Welcome to this brief mindfulness of breath practice.
Coming to a sitting posture,
Although this practice could be done standing or lying down,
If you are on a chair or cushions,
Sitting upright with your head balanced over your shoulders and your hands resting lightly on your lap.
Losing your eyes if you are comfortable with this or allowing the gaze to fall to the floor in front of you.
Coming to a posture embodying an alert presence and dignity.
Coming to stillness.
Allowing yourself to become aware of the sensations of breathing.
The breath is interesting in that it is both voluntary and involuntary.
We can manipulate the breath or simply allow it to be as the body is automatically breathing itself.
Sitting here in awareness at the interface of the doing and being modes of mind and choosing to shift out of the doing mode,
Not manipulating the breath in any way,
Simply observing the sensations of breathing as they are presenting in the body.
Perhaps,
Noticing the coolness of the air as it is entering the nostrils or perhaps the gentle rise and fall of the chest or sensations of movement in the belly.
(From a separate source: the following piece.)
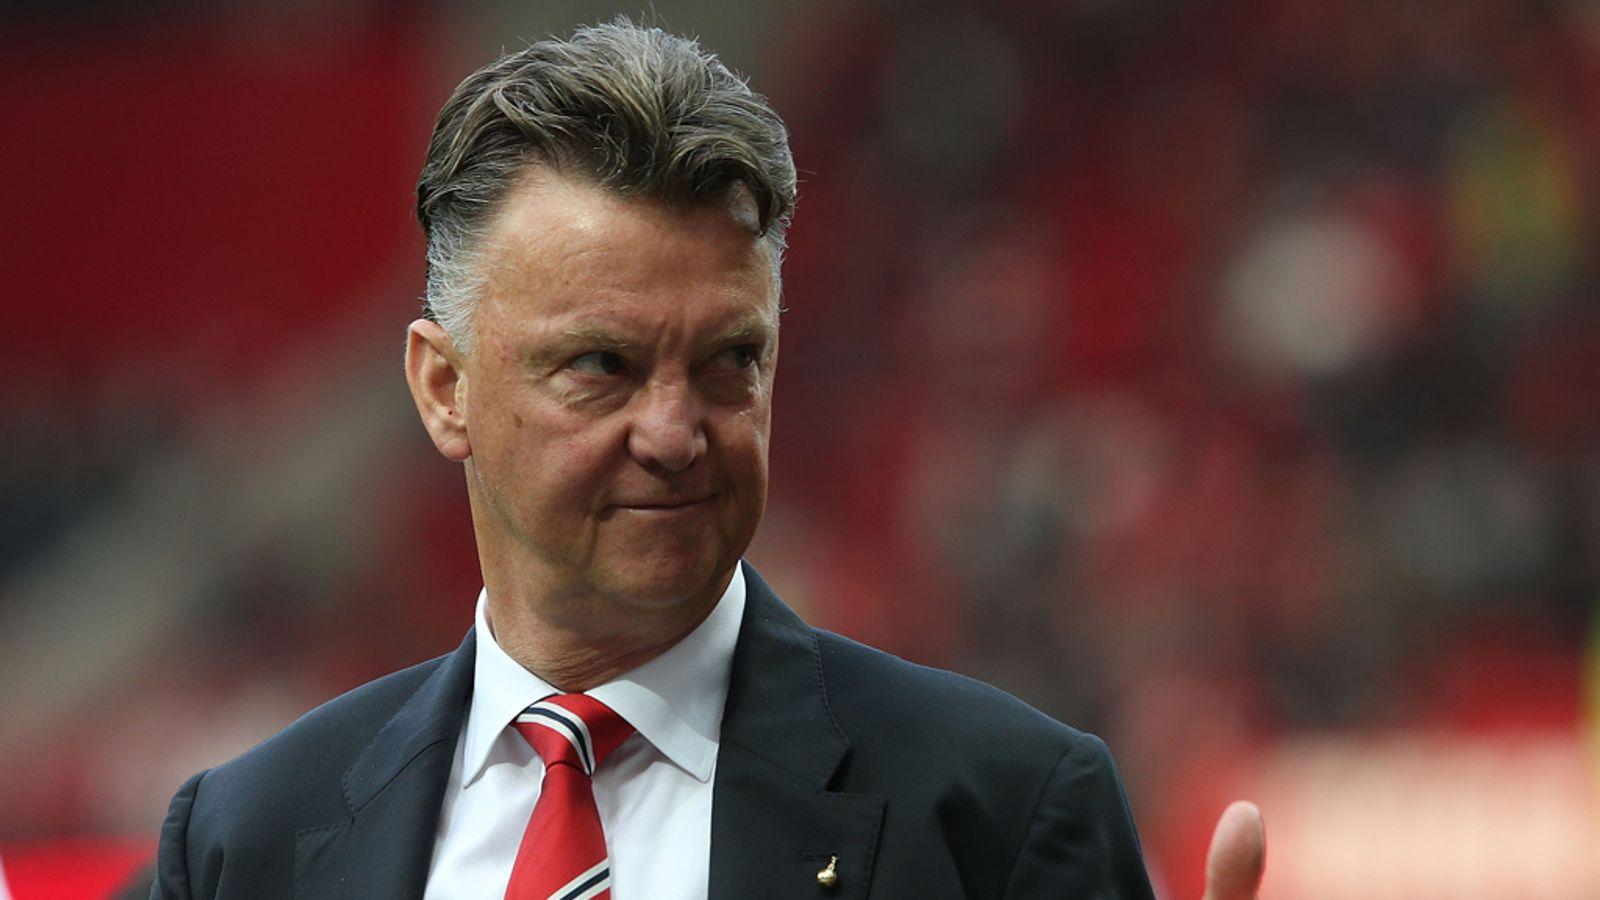 Premier League: Louis Van Gaal Pleased With Manchester
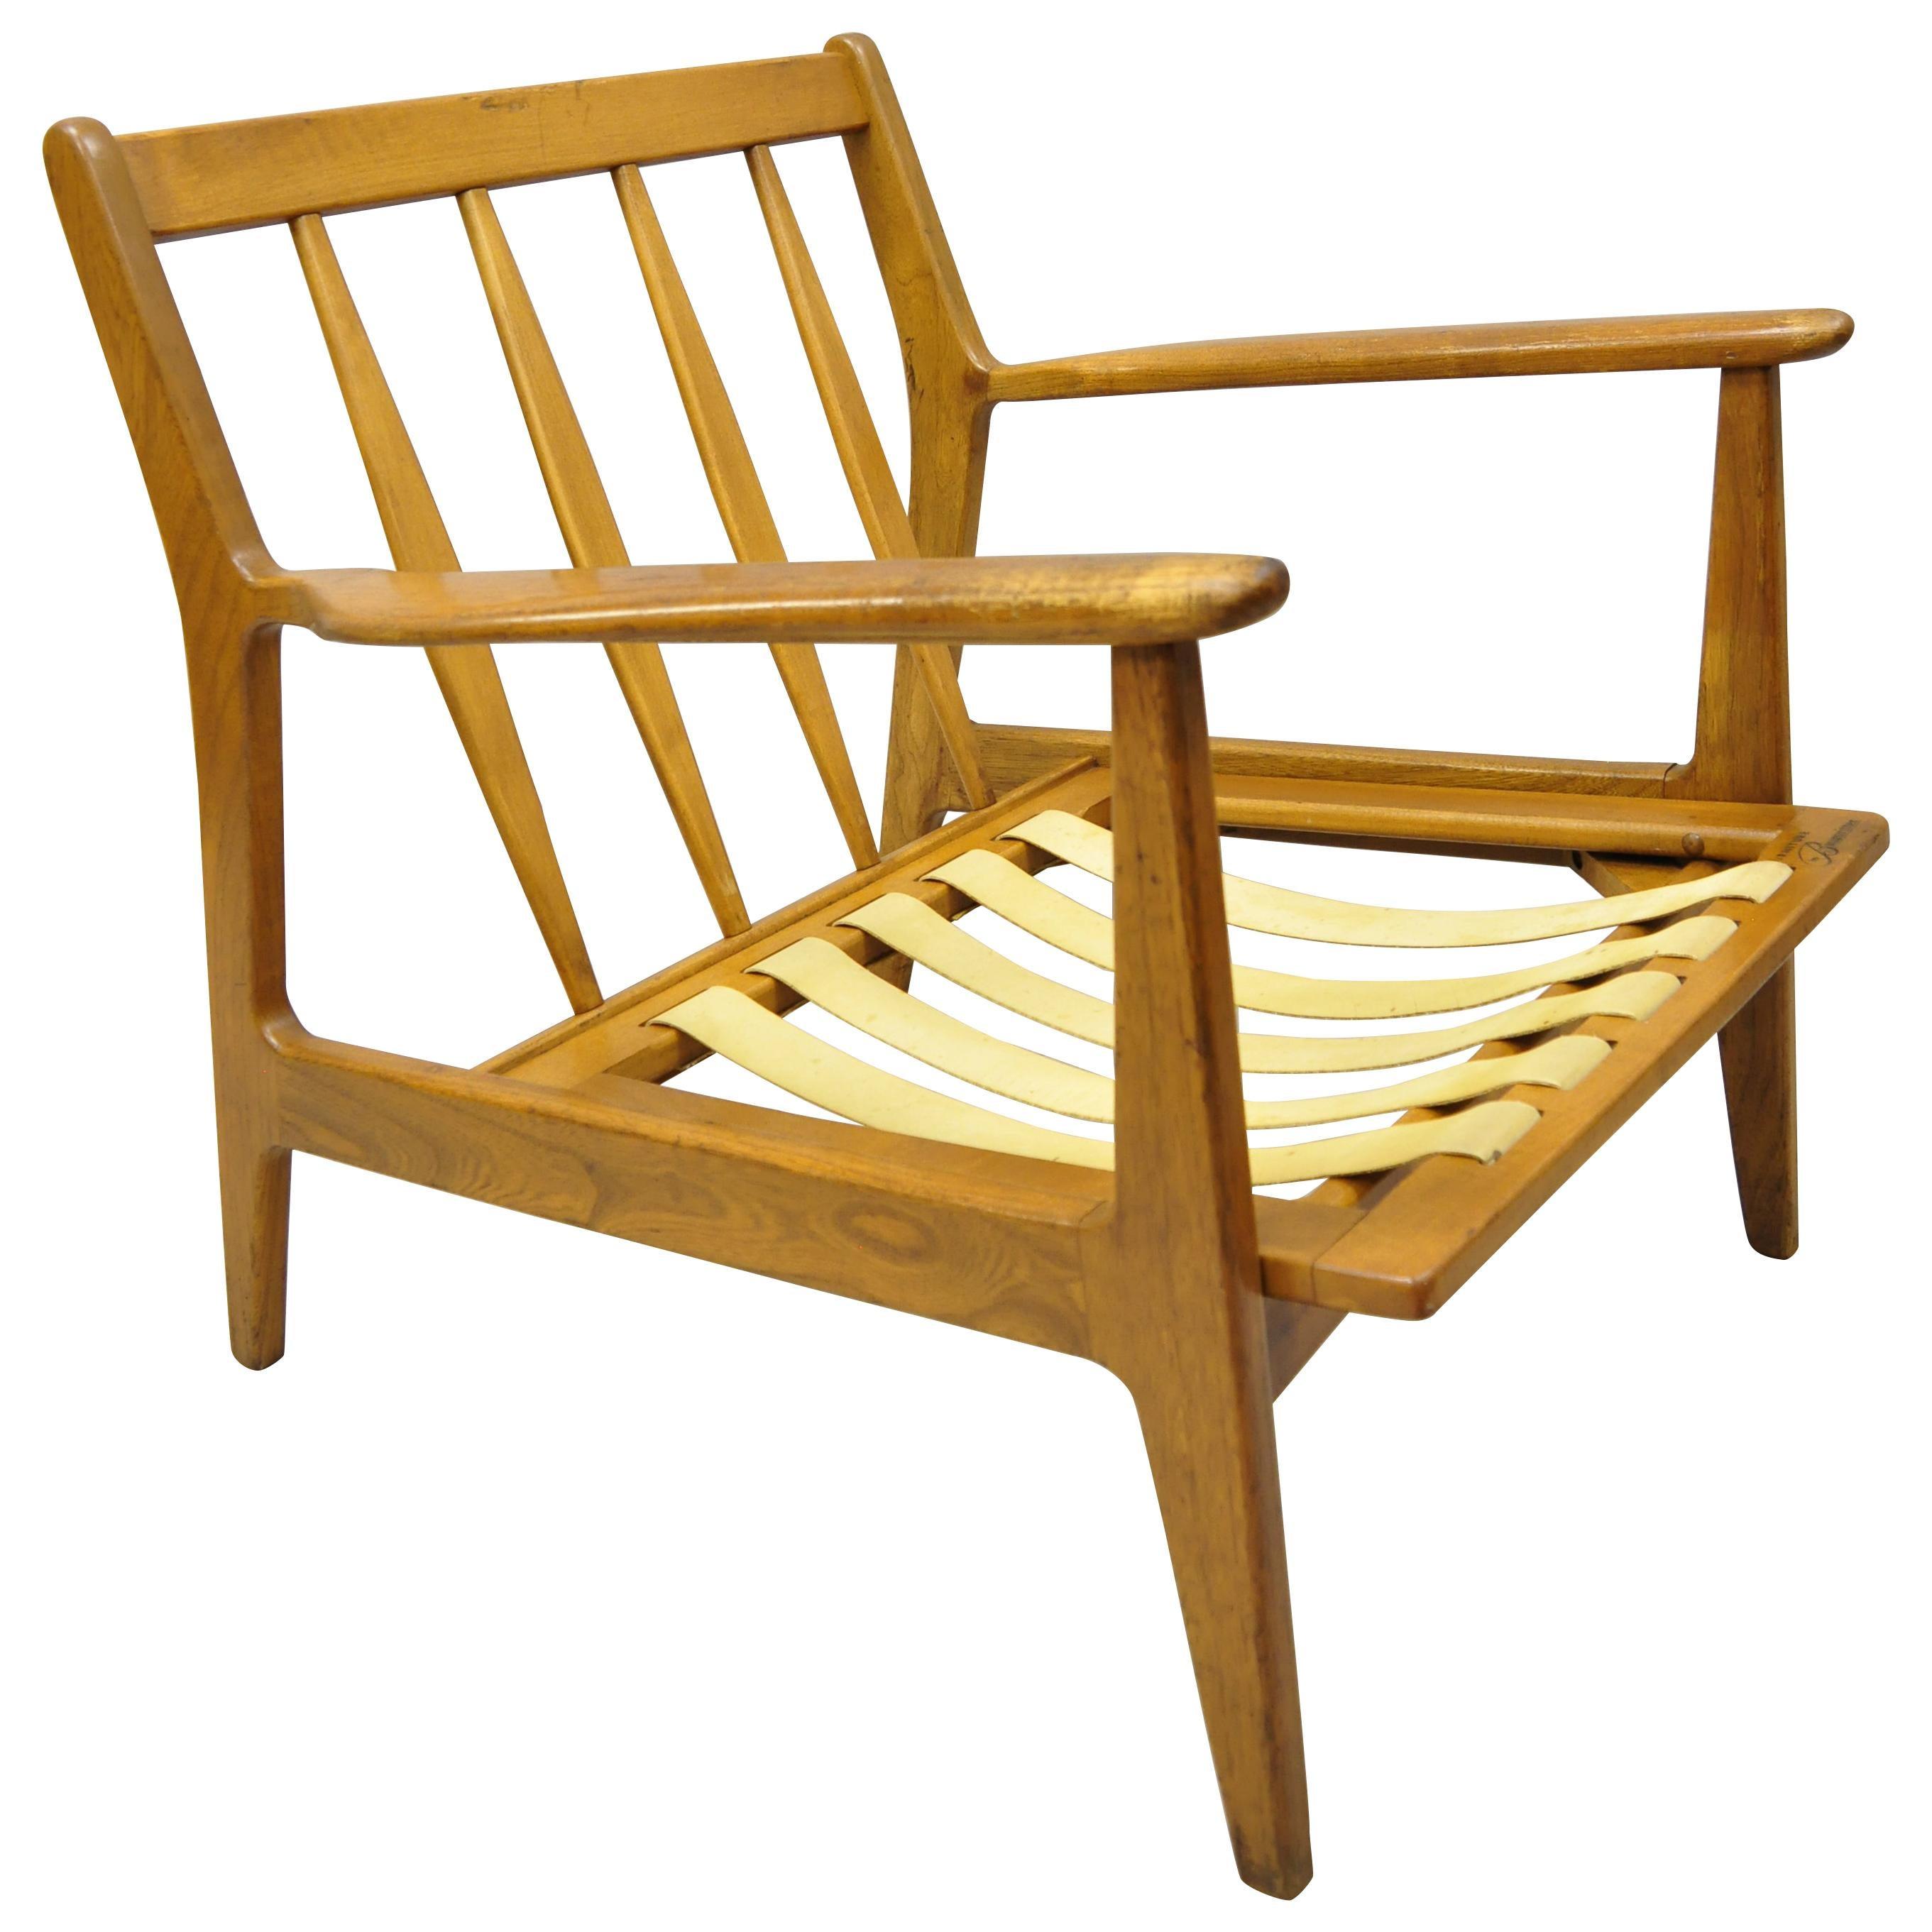 Mid-20th Century Modern Baumritter Walnut Lounge Danish Style Armchair

Bringing your full attention to the place in the body where you are feeling the sensations of breathing most vividly,
Holding your attention here as best you can.
Despite the intention to focus on breathing,
You may have noticed that your attention moved away.
And when you notice,
Simply noting what is on the mind.
Thinking,
Thinking,
Worry,
Memories,
Planning.
And patiently,
Gently returning your attention to the sensations of breathing.
Seeing what is arising in awareness and choosing to bring your attention back to the breath over and over and over.
In this way,
Mindfulness of breathing becomes like an anchor to the present moment.